As matters have turned out, the legal part of the tribe’s challenge has just failed.  A federal judge last Friday ruled that federal laws, as they apply to the construction of oil pipelines that snake across America, are very limited in their scope.  While the tribe was demanding that the Army Corps of Engineers be ordered to use its powers to restrict construction along the entire path of the pipeline, from the Dakotas to Illinois, in order to protect sacred sites, the judge ruled that the Corps’ authority is confined to a very small geographic area, around Lake Oahe.  (That is a 370,000-acre lake in the Dakotas, created when the federal government built a huge dam to regulate the waters of the Missouri River, covering up Sioux sacred sites that now lie beneath the lake waters.)

The federal judge noted that the greatest part of the pipeline’s path is on private lands, and that the government can do little to regulate what is done on those lands.  And, even when the pipeline path would cross rivers or lakes that are subject to federal controls, the powers of the Corps of Engineers are narrow.  Aside from having a duty to consult with tribes about sacred sites on Corps-regulated property, there is not much else the federal government can do, according to the judge.
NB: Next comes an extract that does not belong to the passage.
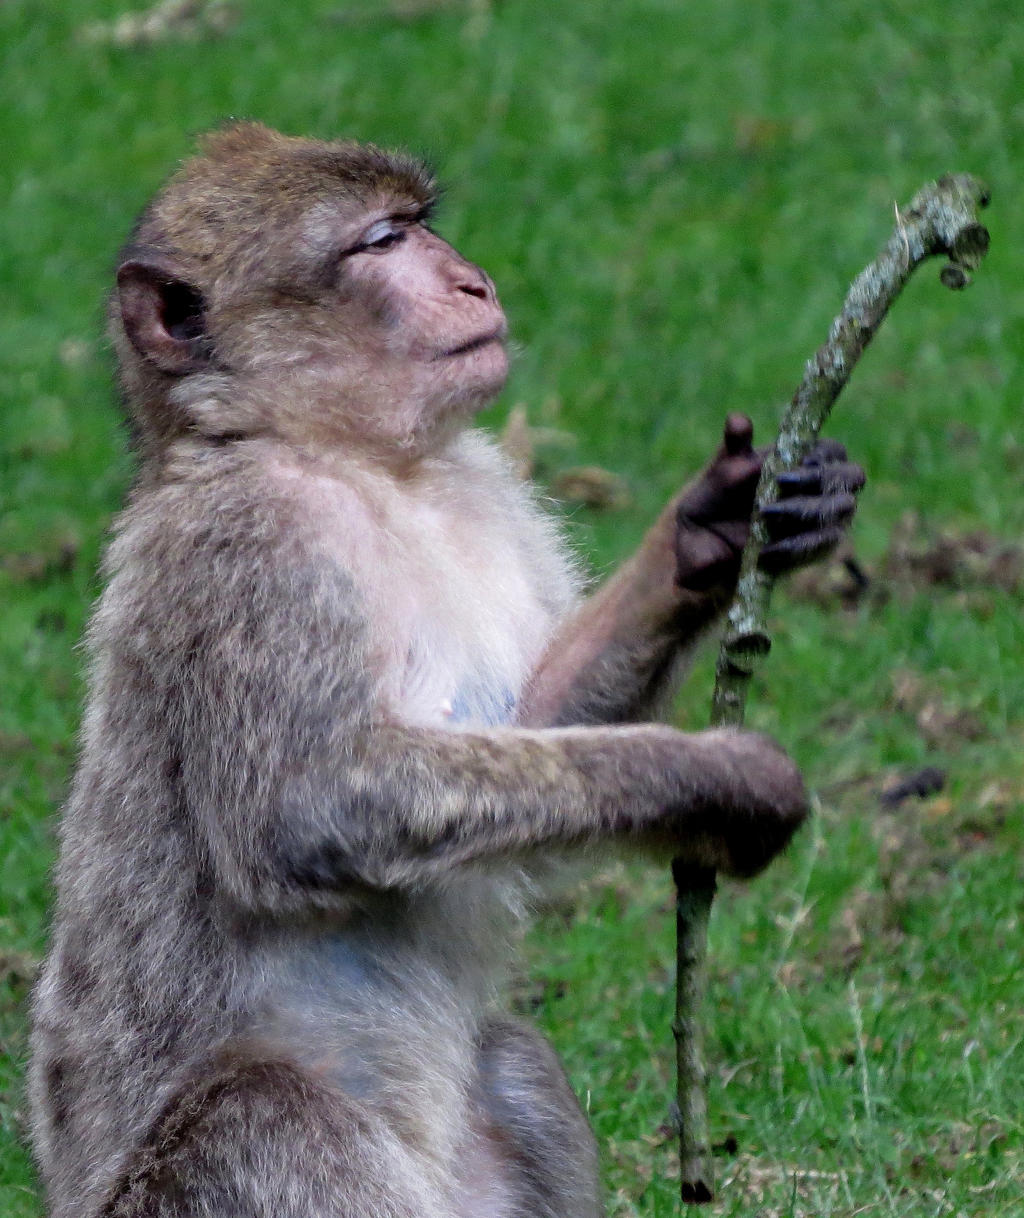 Monkey with Stick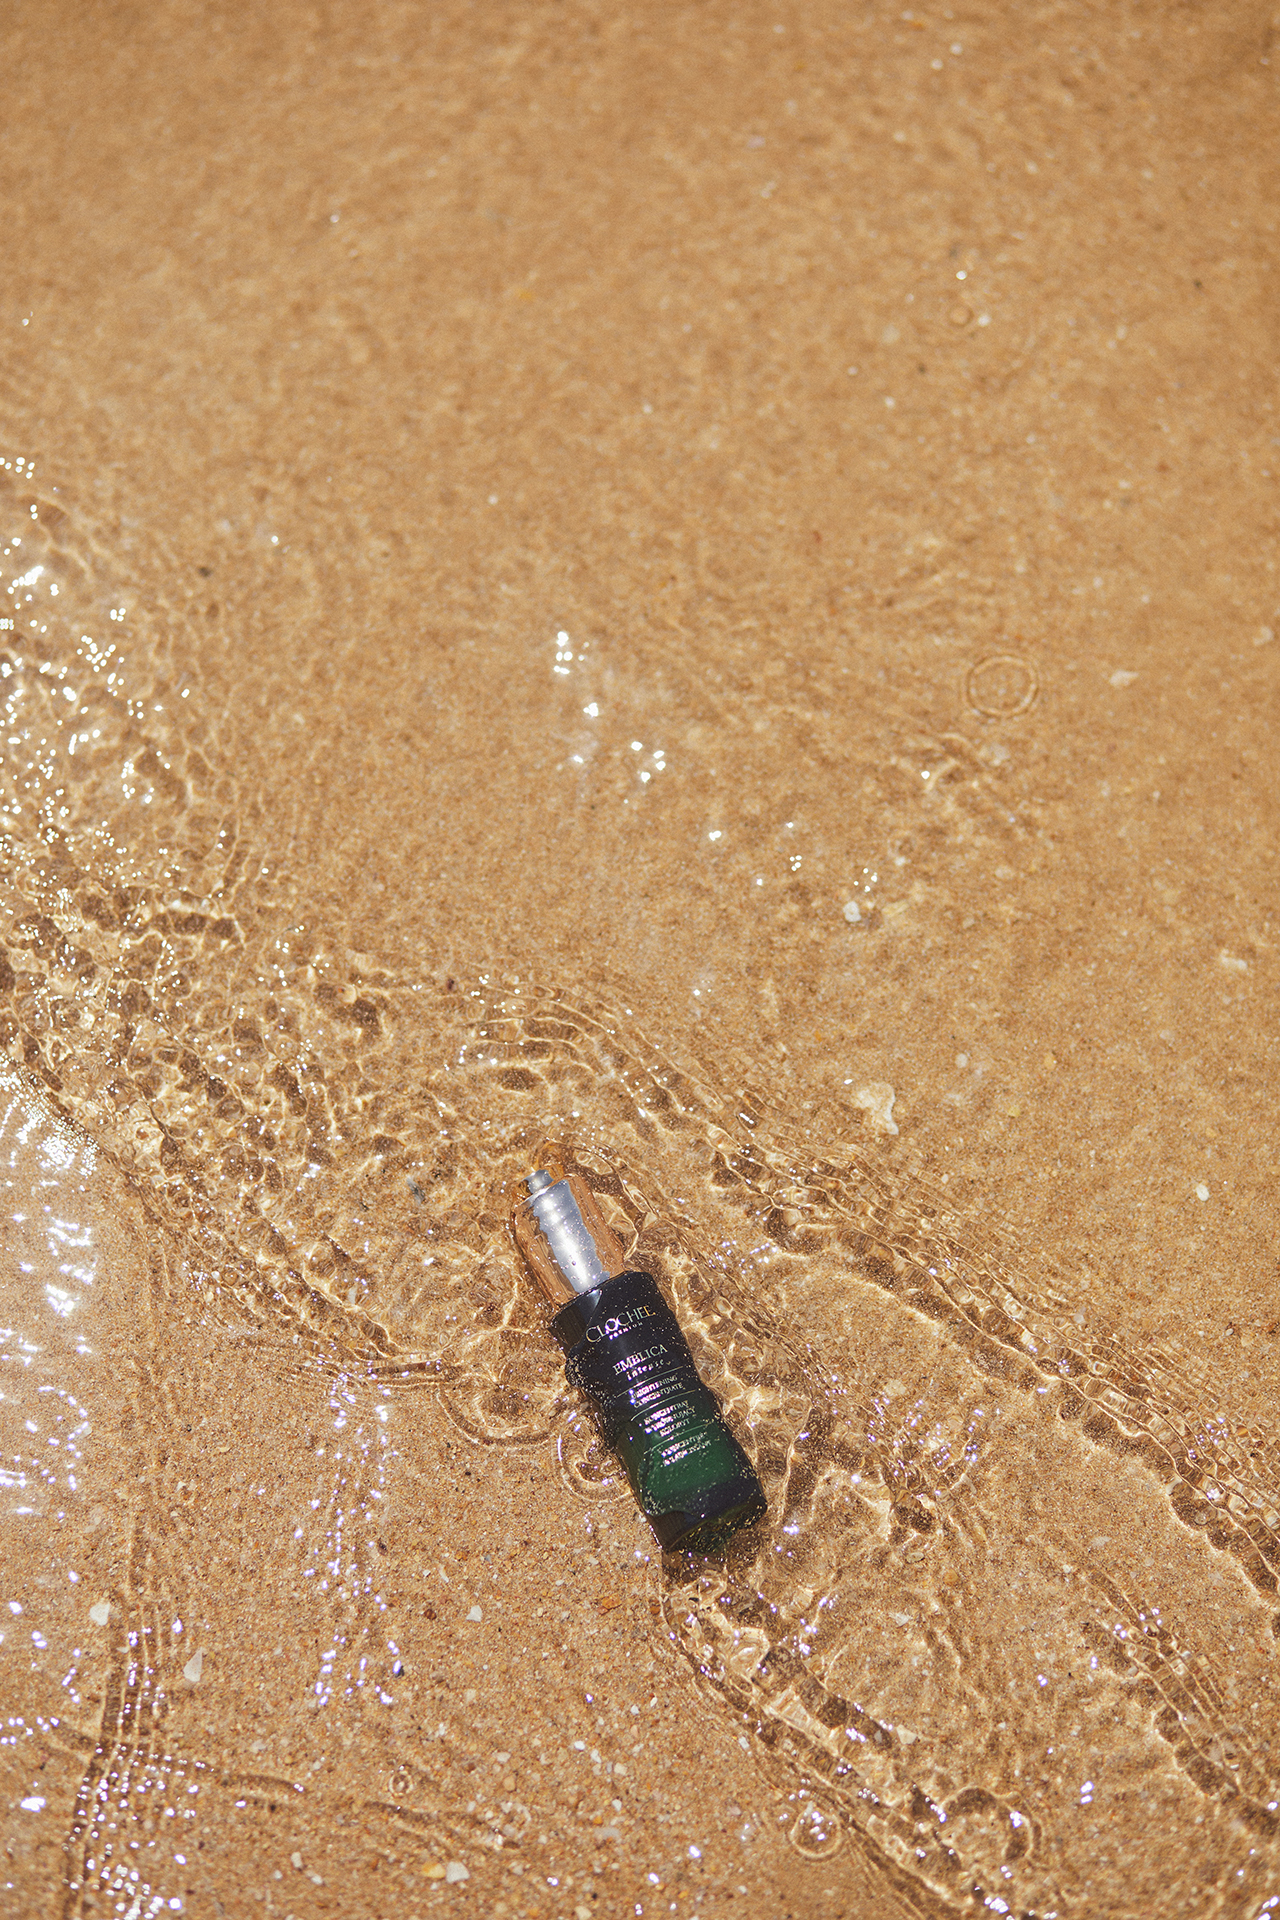 Produkt Clochcee Cosmetics na plaży zaniżony w wodzie

And he ruled that the Corps had done all that it could to try to talk with the Standing Rock Sioux’s tribal leaders about the cultural sites.

But, within hours after that judge issued his ruling, three federal agencies stepped in, and ordered that no construction proceed any further around Lake Oahe until the Corps makes a new study of whether it should have put more restrictions on the pipeline.   The agencies promised “a clear and timely resolution.”

Perhaps even more important, the agencies promised a round of formal consultation with Indian tribes in coming weeks on whether to give them even greater input into planning for infrastructure projects, and also to consider with them whether new federal laws should be enacted.  “Our message is heard,” the leader of the Standing Rock Sioux told a rally in South Dakota.